I've drank myself into a smaller pants size. Who ever said alcoholism was unhealthy was mistaken.
On a scale of 1 to 10 how hot is the girl you're about to fuck?
Strong 6
That's an oxymoron.
I woke up with my left arm looking like it got mauled by a lion. Oo and she said someone broke her car window.
Just realized these events may be related.
I totally need to blow more fat guys. His cum tasted like vanilla ice cream
I know it sounds like a good idea, but doing Spanish homework at a bar just because the owners are Mexican and they give us margaritas really wasn't the best decision.
sorry for allegedly lighting the beer pong balls of fire
I just realized my life is a timeline of drunken injuries.
i woke up to banging and pieces of ceiling falling on my face
When you wake up, just ignore the mess in the bathroom. I'll take her home when I'm off work.
Blood everywhere...karaoke was nice
I just saw a girl drinking wine and walking her dog in footie pajamas and a mad hatter hat. First day of the new year and I think I'm in love.
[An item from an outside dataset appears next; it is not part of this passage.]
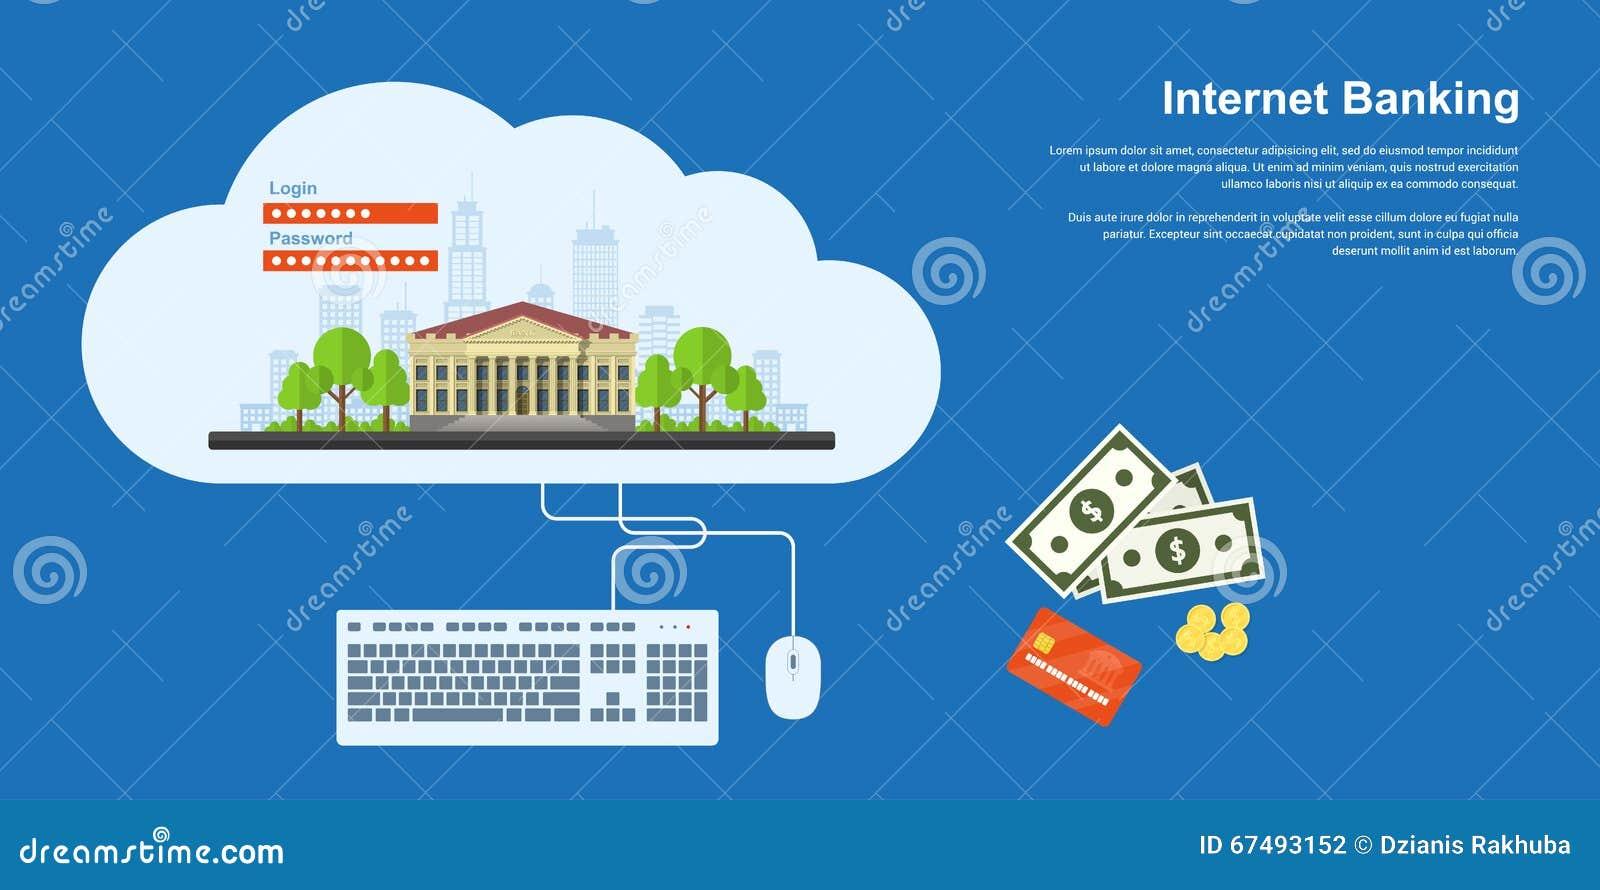 Internet Banking Banner Stock Vector - Image: 67493152

I feel like you should put up a missed connections ad for this..
It was a glorious ass. He has amazing hands. I want to fuck him until he can't do math anymore.
He gave us beer and shots and made us pizza in his brick oven before firing a handgun into the air to signal it was time to give us a ride in his inflatable raft to the bars.
He's like a mythological figure
april was a good month for me, sexually...doubled my number, had a threesome, fucked a girl for the first time and two different boys in one night. there should be a medal
she's 6'2. you bet your ass i slept with her.